We'd been invited to my friend's wedding. I wanted Mr. C to go and he grudgingly agreed.
However, as the date moved closer he began to hedge. On the day of the event, after I'd gotten all gussied up in a way I hoped would inspire him, I came into the living room to find him sitting in front of the TV in his sweats.
He'd decided not to go. He didn't even try to make up a good excuse as he'd done in the past. He just didn't "feel like it."
This is when I launched into my usual routine that had a lovely, predictable pattern. First I shamed him with "but, you saids" and "but, you shoulds" and "you nevers" and "you always's."
Then I cried. Then I threatened. Then I begged. Then I probably did a lot of other victim-y stuff. Then I slammed out of the house.
As I sat fuming in my car I remembered a 12-step program motto, "Keep your side of the sidewalk clean."
Sitting there I just couldn't see where any of this fell on my side of the sidewalk. So I prayed (which isn't easy for an agnostic such as I, but I decided to "act as if" I had faith in a Higher Power).
As I prayed I suddenly knew which part of this frustrating situation was mine. I felt the tension in my body seep away and my spirit soften.
I got out of the car, walked to the house and found my guy slumped where I'd left him.
Here's what I said:
"You know I want to get married. I know you don't want to get married. I wanted you to come with me to this wedding to see how happy my friend and her fiancé are.
"I was hoping you'd see that marriage could be a really good thing and then I hoped that would make you want to marry me.

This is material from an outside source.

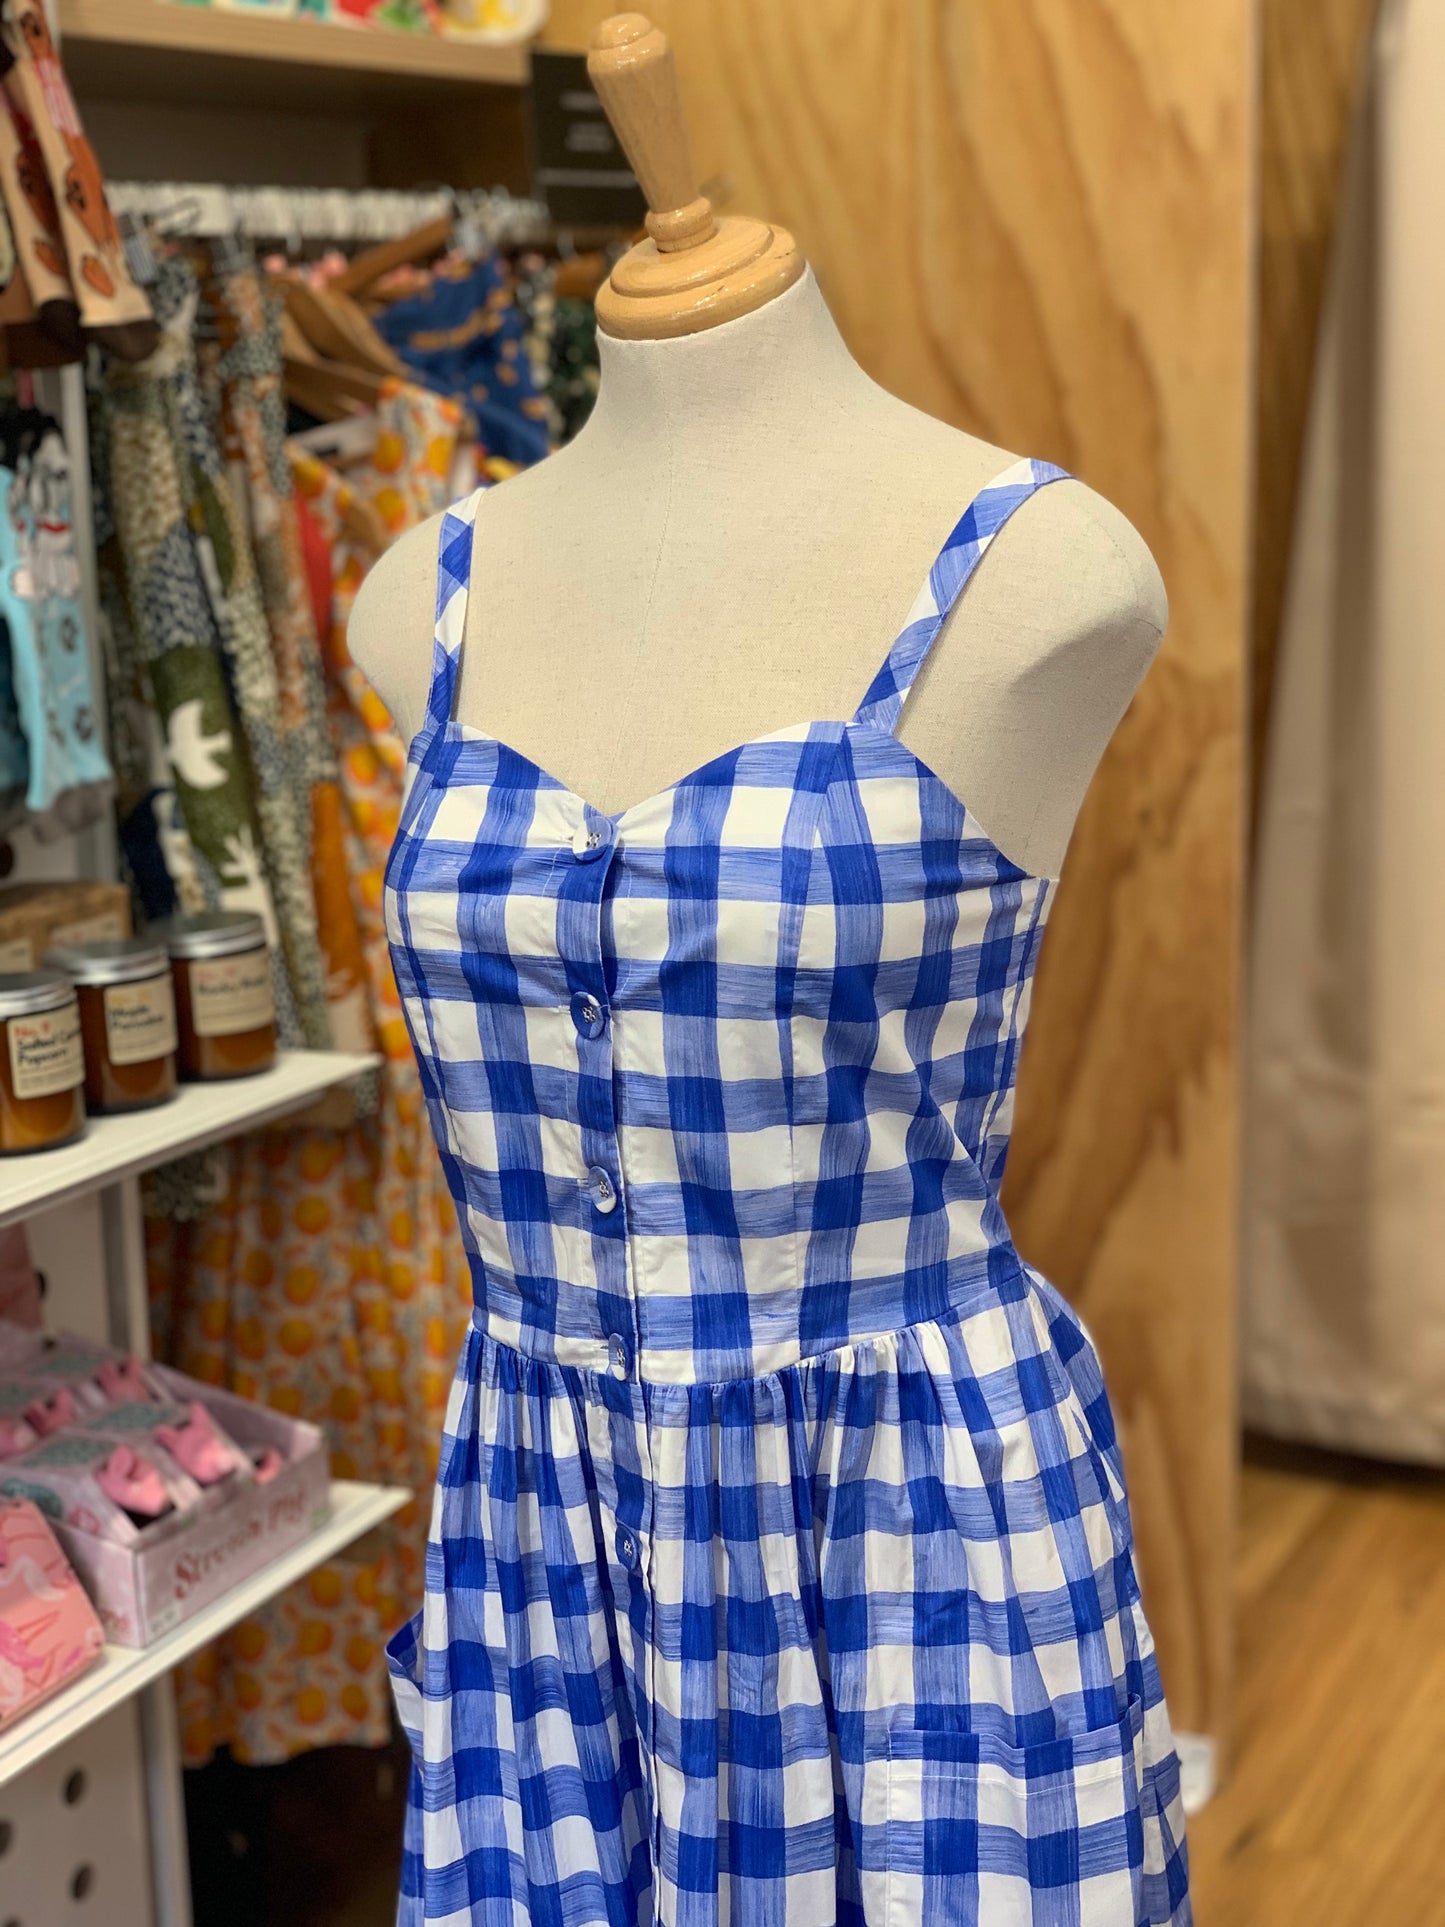 Penelope Dress - Blue Plaid (Size 6 ONLY)

"So, that was my agenda for asking you to come to the wedding. I should've been more transparent about that. I'm disappointed you're not coming, but I'm going to go anyway."
Then I stood up and left.
I accepted reality completely and enjoyed my friend's wedding. Imagine my surprise when I arrived at the reception and my guy was there waiting for me.

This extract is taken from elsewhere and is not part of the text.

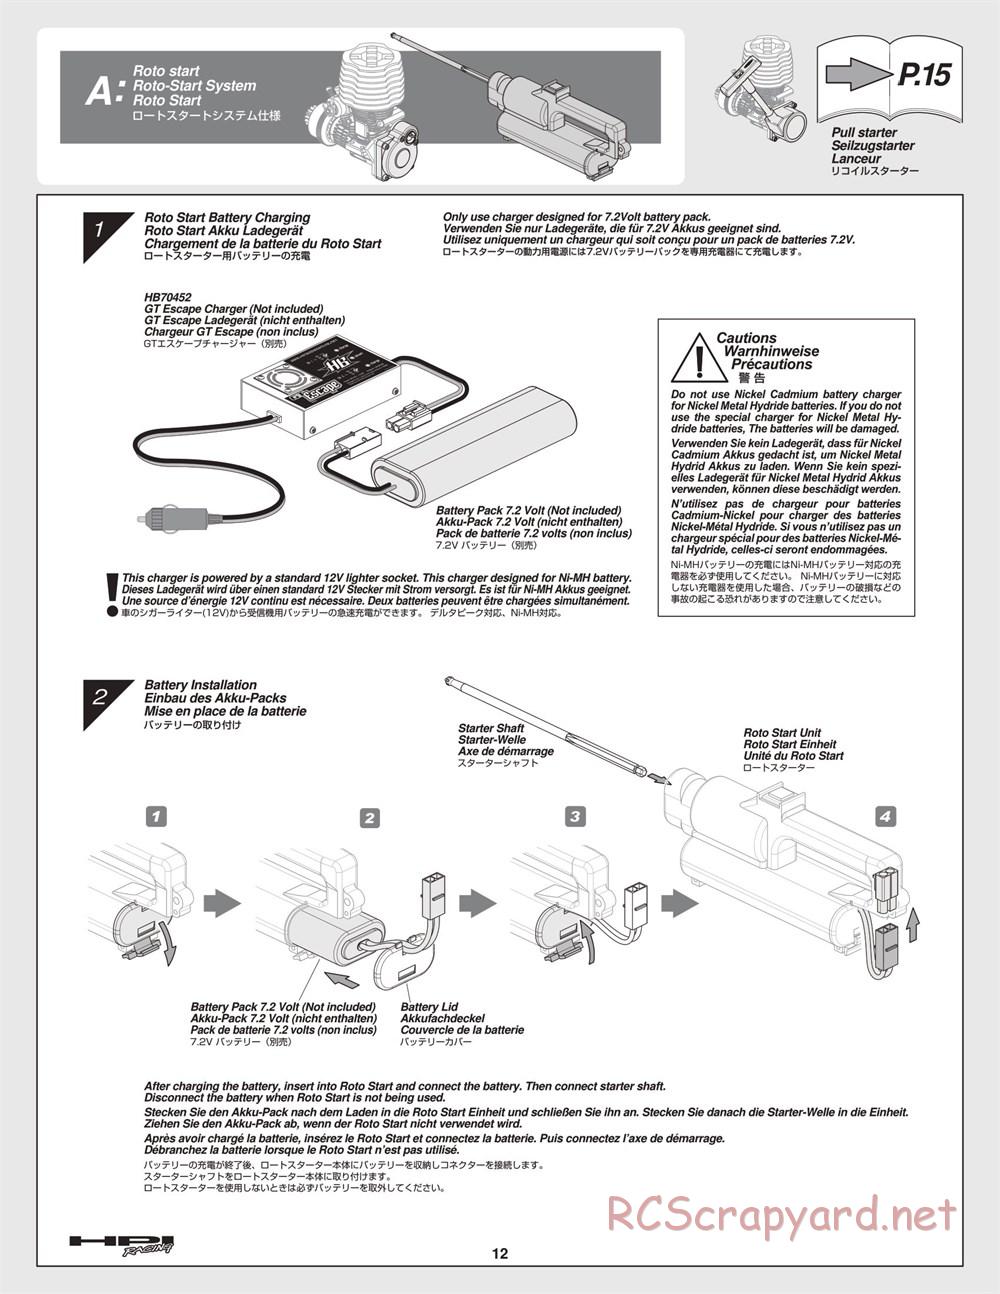 HPI - Nitro MT2 G3.0 - Manual - Page 12

Writing this now I feel a great deal of love for him. He tried to step out of his comfort zone to give me what I wanted, I believe because I took responsibility for my side of the sidewalk and when we do that we're living in grace. Let's repeat that.
"When we keep our side of the sidewalk clean in a relationship we are living in grace."
He didn't marry me. We did eventually break up because I realized I couldn't accept the stuff on his side of the sidewalk.
But, when we take responsibility for what is ours, our self-esteem grows and we learn to love and take care of ourselves.
And with that comes peace.
(This tool isn't just for love partners, it is also applicable to difficult bosses, in-laws, grown children and our accountant.)